We used the Maximum Entropy v.3.4.1 (MaxEnt) algorithm (Elith et al., 2011) to generate the modeled geographic distributions of each selected species. MaxEnt models comprise a probability distribution in which each grid cell predicts the suitability of conditions for each species (Elith et al., 2011). MaxEnt is a widely tested and robust algorithm for modeling species distributions, particularly when occurrence data is limited to presence-only records. Its ability to estimate probability distributions based on environmental constraints makes it well-suited for our dataset, ensuring reliable predictions even with sparse or incomplete occurrence data. Additionally, MaxEnt’s regularization techniques help prevent overfitting, making it an appropriate choice for capturing the ecological niches of the studied species while maintaining model generalizability.
The model was implemented using the maxent() function, with the following parameters:
model - maxent(predictors_current, sp.occ, args=c("-J","-P","randomtestpoints=25","replicates=10","replicatetype=bootstrap","randomseed"), path="Results")
model.repcurrent - predict(model,predictorscurrent)
model.meancurrent - mean(model.repcurrent)
writeRaster(model.meancurrent,filename="Results/currentrep.img",overwrite=TRUE,format="HFA")
predictors_current: The current climatic and topographic predictor variables used to model the species distribution (temporal range of 1970–2000; cropped to the rectangular region: Longitude: -81.2083° W to -56.7500° W, and Latitude: -32.5000° S to 16.2917° N).
sp.occ: The species occurrence data collected.
args: A set of additional arguments passed to the MaxEnt model:
-J: This option activates the Jackknife technique, which is used to assess the contribution of each predictor variable to the model's performance.

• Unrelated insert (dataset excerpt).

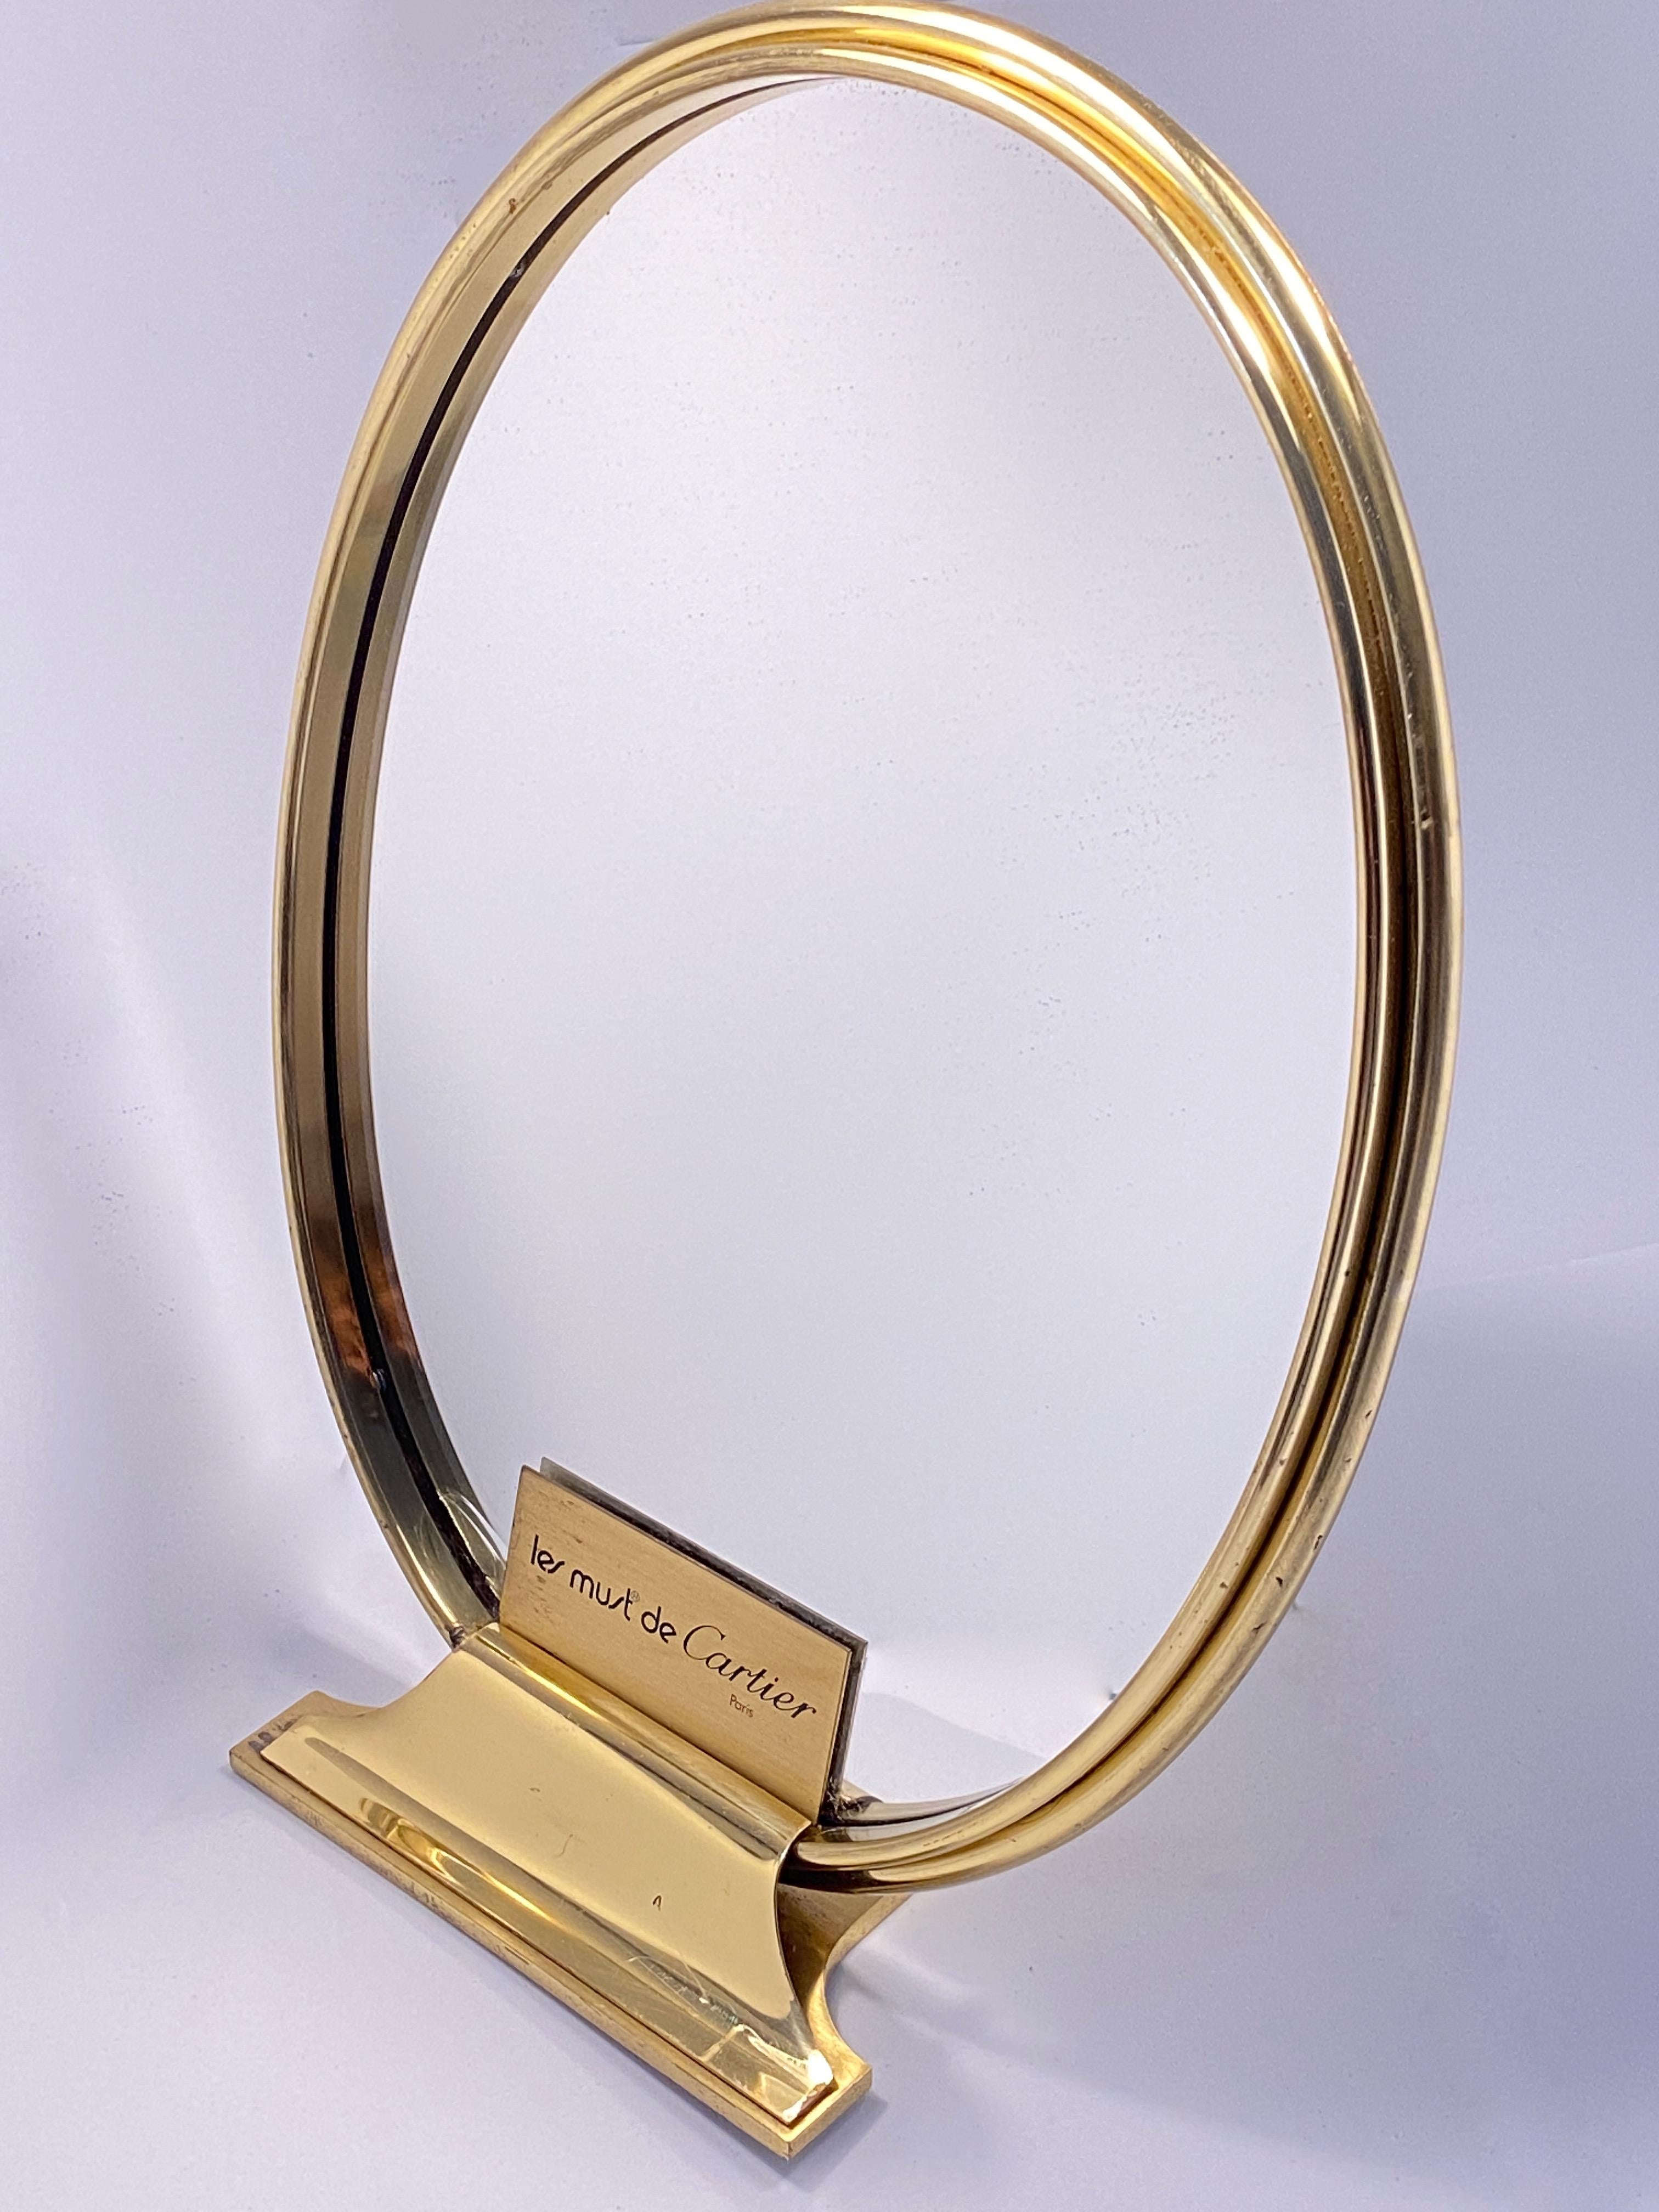 Cartier Mirrors - 5 For Sale at 1stDibs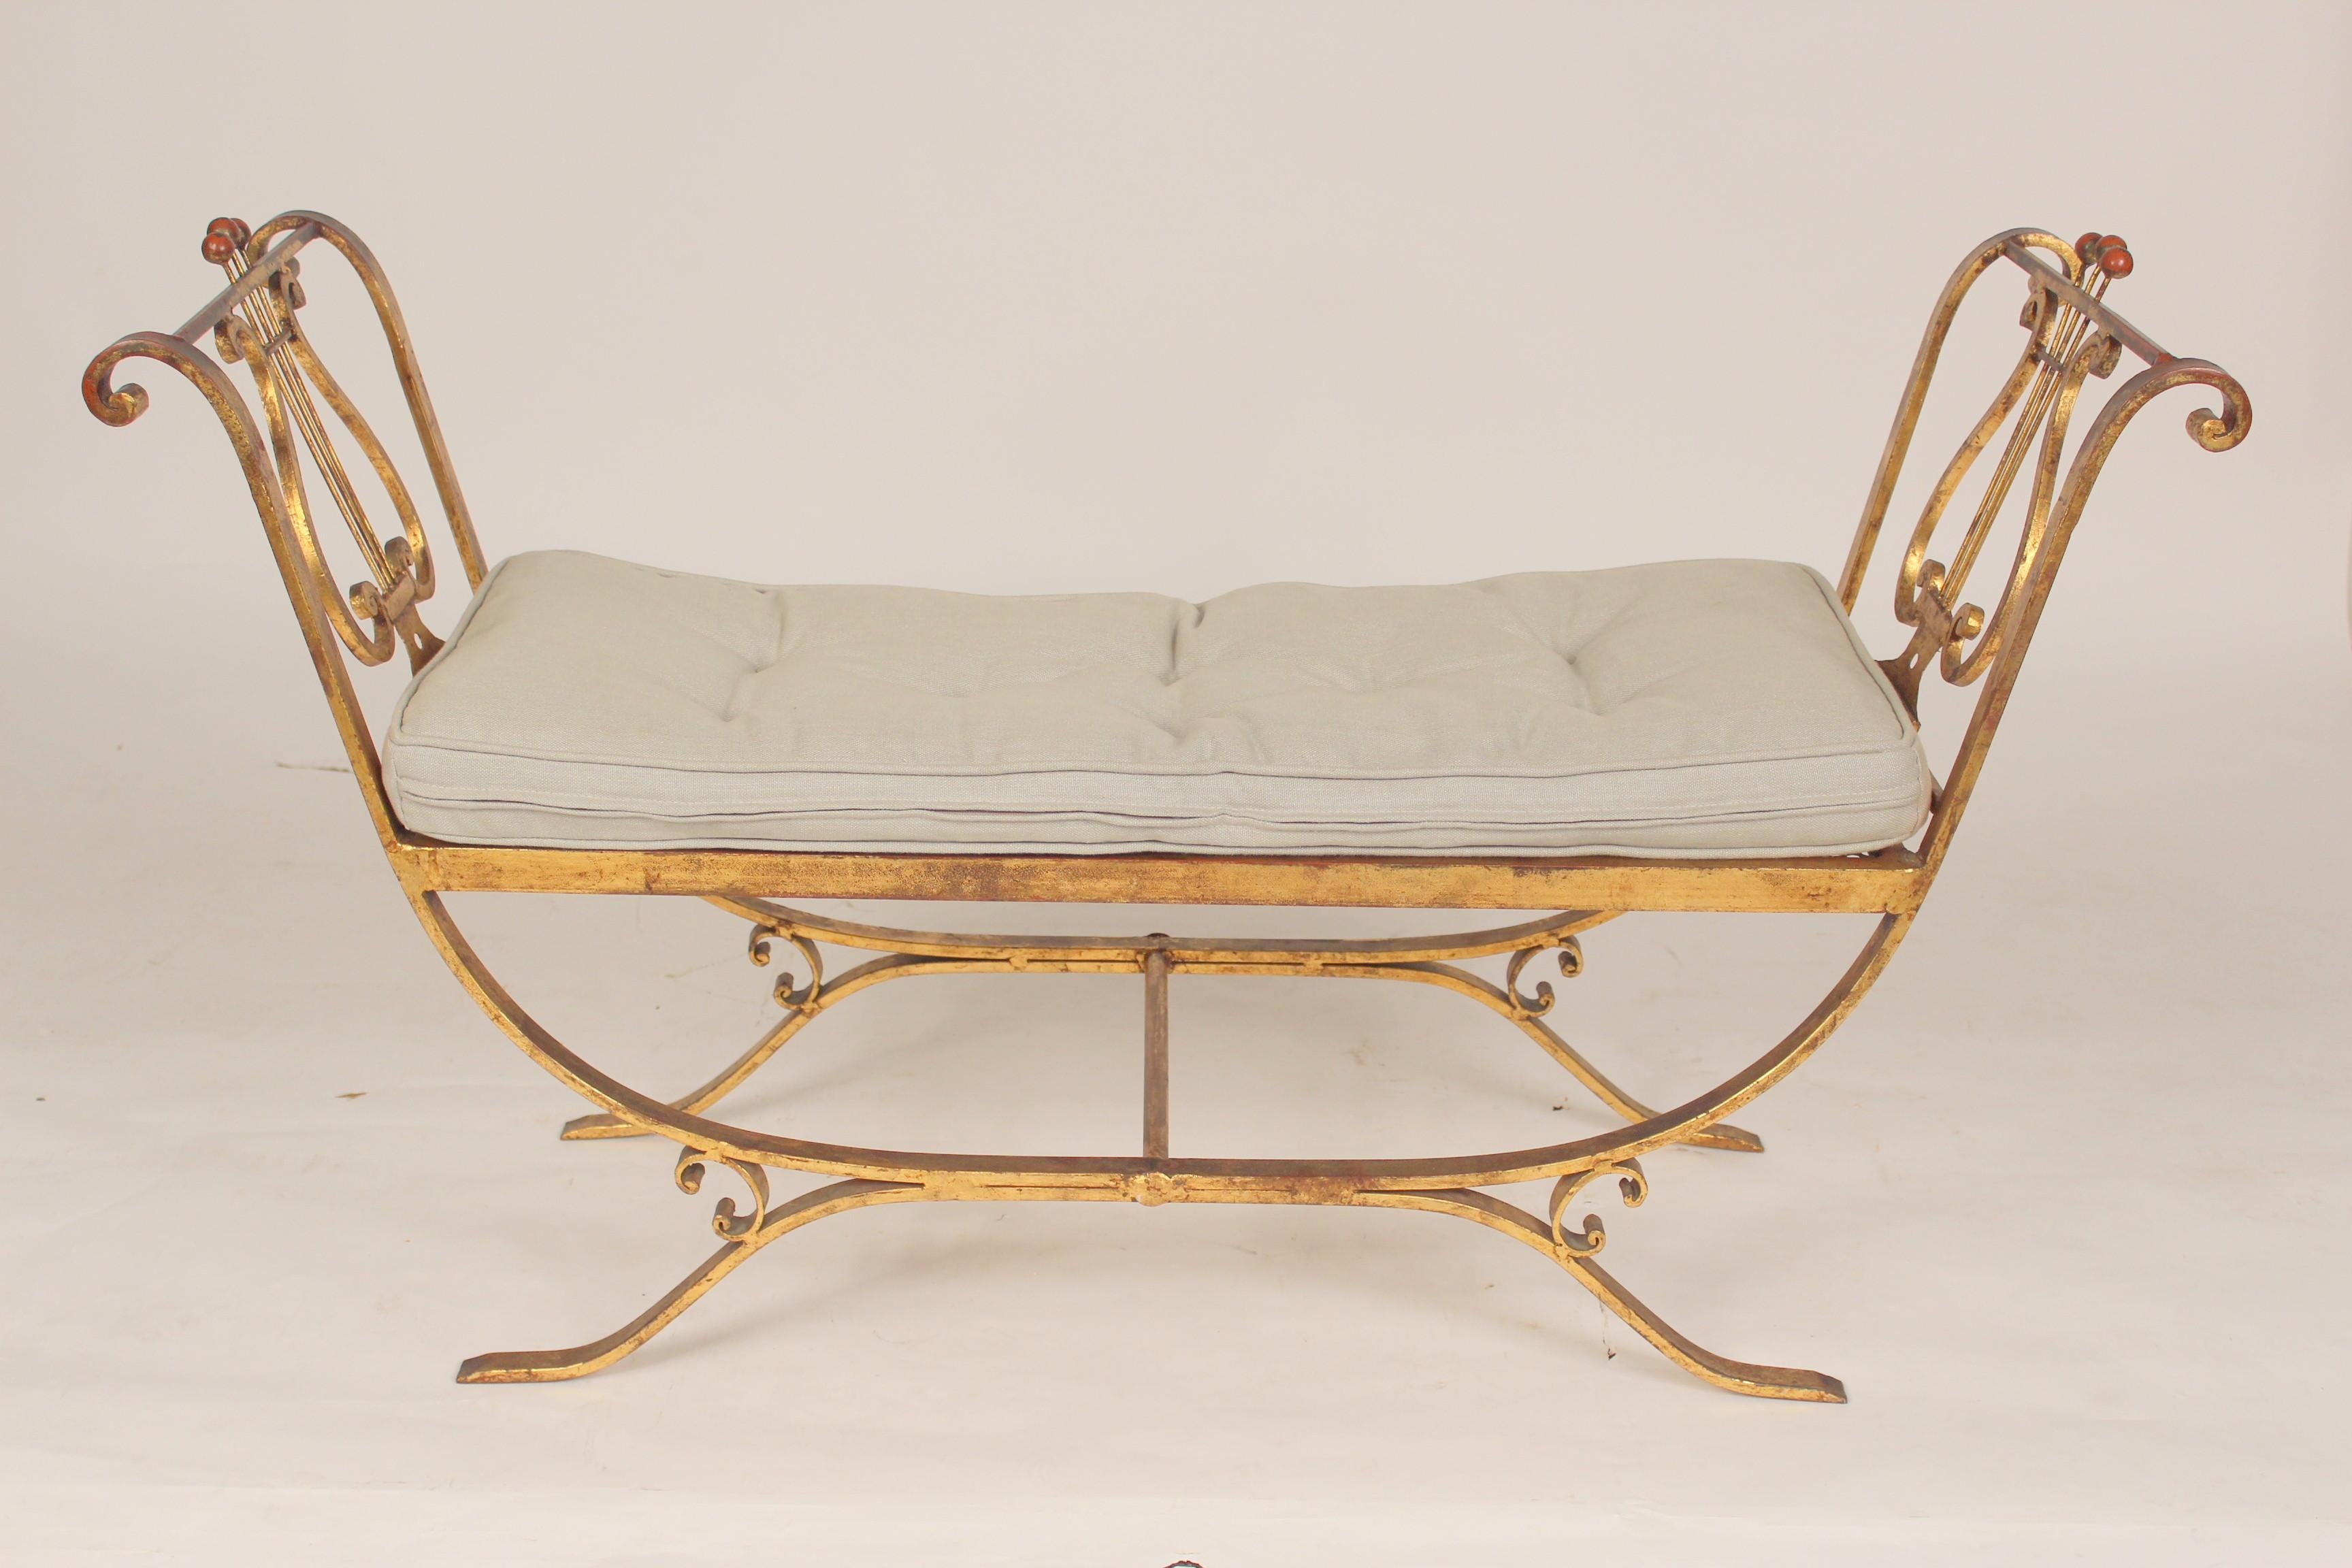 Neo classical style gilt iron bench, circa 1960's. Side arms with lyre shaped design and cushion with button and tuck upholstery.

It runs the model multiple times, each time excluding one predictor variable, to evaluate the effect of each variable on the model’s accuracy. This helps in understanding the relative importance of each variable in predicting species distribution.
-P: This option instructs MaxEnt to fill in missing values (i.e., raster cells without data) with zeros. This ensures that missing data does not affect the modeling process and helps maintain the integrity and completeness of the analysis.
randomtestpoints=25: Defines the number of random test points to be used for model evaluation.
replicates=10: Specifies the number of bootstrap replicates used for model validation.
replicatetype=bootstrap: Indicates that bootstrap sampling is used to create replicates.
randomseed: Ensures the model’s reproducibility by setting a fixed random seed for consistent results.
Next, the predict() function was applied to the MaxEnt model (model) using the predictorscurrent variables to generate species distribution predictions. The resulting predictions were stored in the object model.repcurrent.
The mean of the predictions across the 10 bootstrap replicates was calculated and stored in model.mean_current.
The averaged prediction (model.meancurrent) was then saved as a raster file (currentrep.img) in the specified format (HFA), with the option to overwrite any existing file.